While researching 28 Lessons from Startups That Failed this surprised me. Many founders lamented how difficult it was. Not just the start-up, but everything. Founders lost friends, relationships ended, and their diets and health went to hell. Funding was slow, if it came at all. Products orders were magnitudes more expensive in money and time. Feedback was kind but sales were nasty.
It was like founders had signed up for a marathon. They looked at race form, saw distance and knew it was hard but thought they could do it. After committing they got a call (late at night) and were told they couldn’t train more than ten miles a week and couldn’t sleep more than five hours a night. In addition, they were competing against elite runners who had years of experience, personal trainers, and supportive families.
Oh, and they were doing it barefoot.
In the business world, this is good for the whole but bad for the parts. It’s why Nassim Taleb suggests a holiday for entrepreneurs. Kahneman too believes in optimism:
5/ Are advisors inoculated against biases? Well, your personal biases, yes. Kahneman says that when a principal acts for an agent, loss aversion and the endowment effect recede.

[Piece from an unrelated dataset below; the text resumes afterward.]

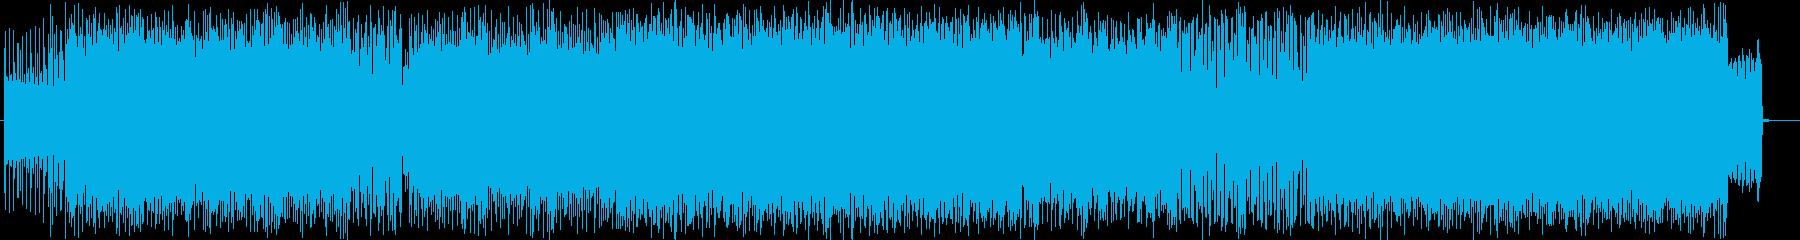 疾走感溢れるクールなエレキメロディーの再生済みの波形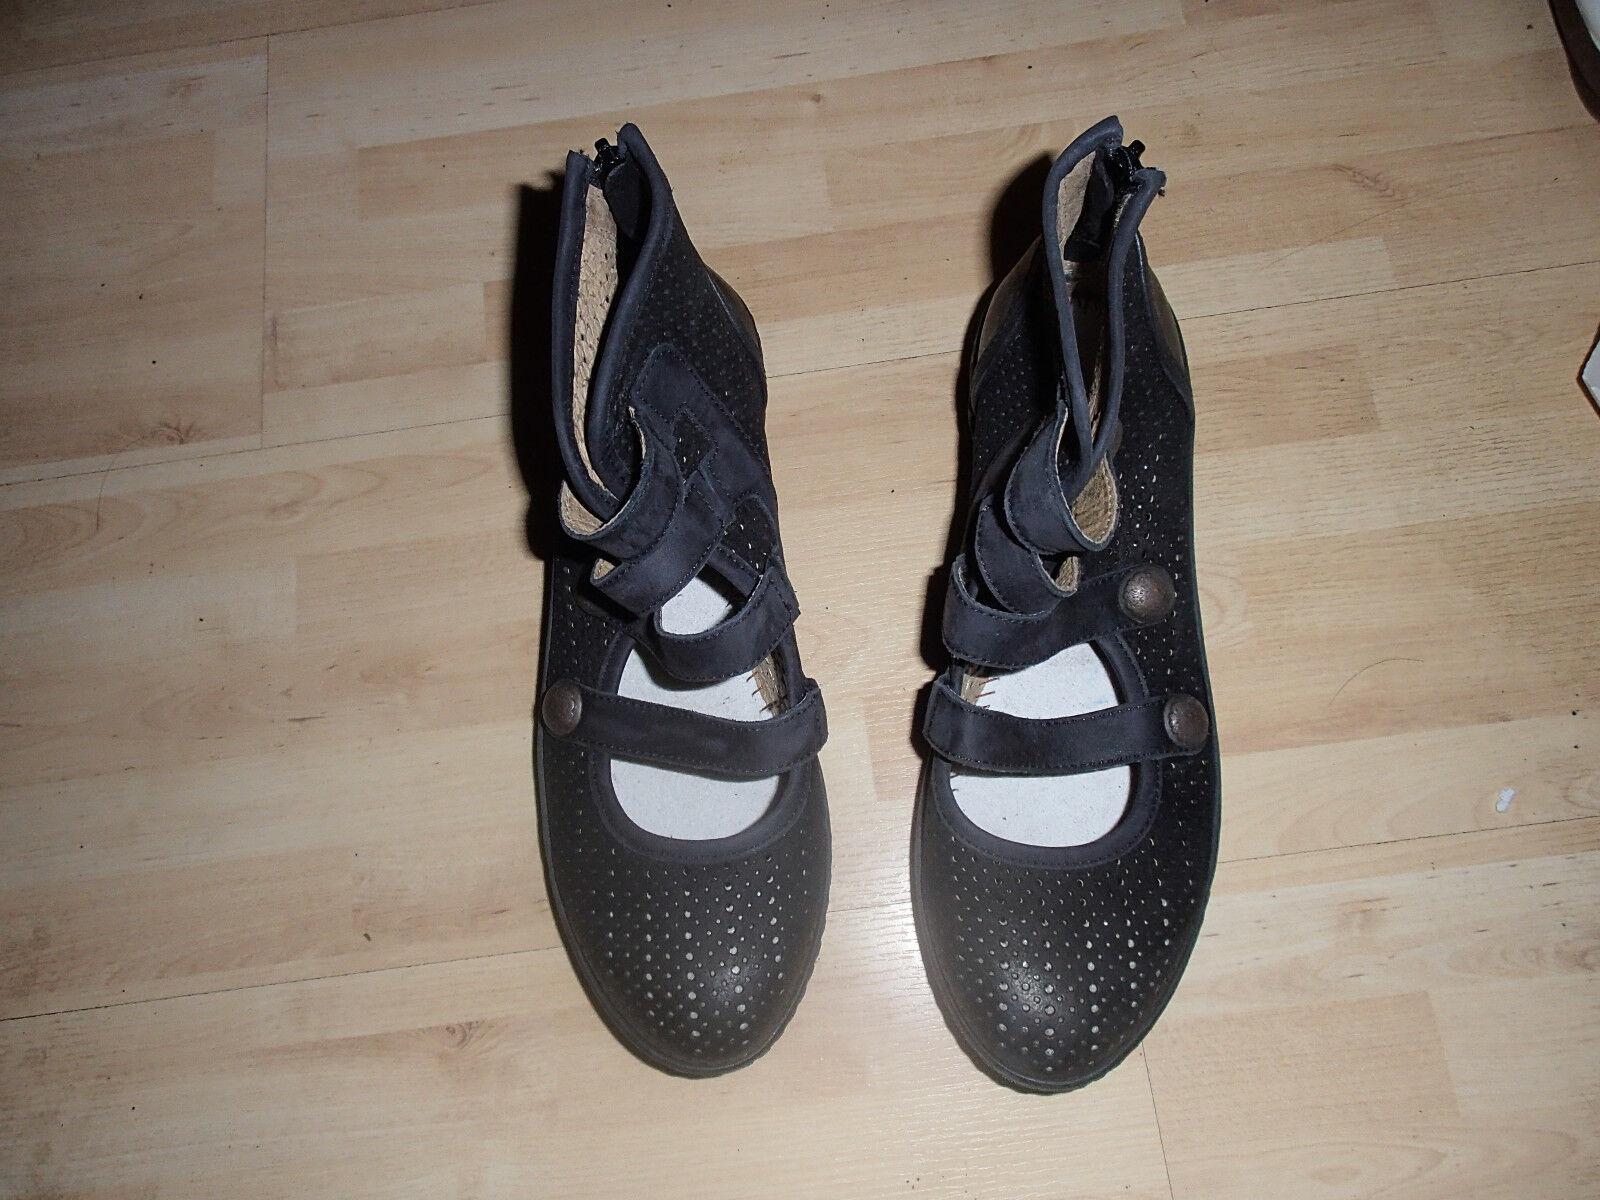 und 39 in Dkode schöne Sehr in Schuhe schwarz e2075igvv41334

6/ “That’s one thing I hate! All the noise, noise, noise, noise!” – The Grinch
“Noise,” says Kahneman, “is costly.”
Yes! Damn the noise!
Or maybe not. Didn’t we just say that a balance of tactics is often a good course?
- Intuition (#1) balanced with base rates (#3).
- Stories (#2) balanced with stats.
- Optimism balanced with objectivity (#4).
- Scouts balanced with algorithms (post-Moneyball).
- Arm strength and football smarts (Tom Brady).
How then can noise be helpful? “Noise-free environments end up being too sterile and predictable in their output,” writes Stephen Johnson. “The best innovation labs are always a little contaminated.”
Taking reading as an example. One reading model is to only read books on the NYT list. If is on the NYT Bestseller list, then read.
No thanks. Instead, read whatever you’re excited to read. If you don’t want to trade a few minutes a day on activity X for reading a book the problem isn’t activity X. The problem is the book.
7/ Success and luck. I enjoyed this:
“Success = talent + luck. Great success = talent + a lot of luck.”
“Success has a lot of luck in it. We can say it differently because that can be misleading. Talent is necessary, but it’s not sufficient.”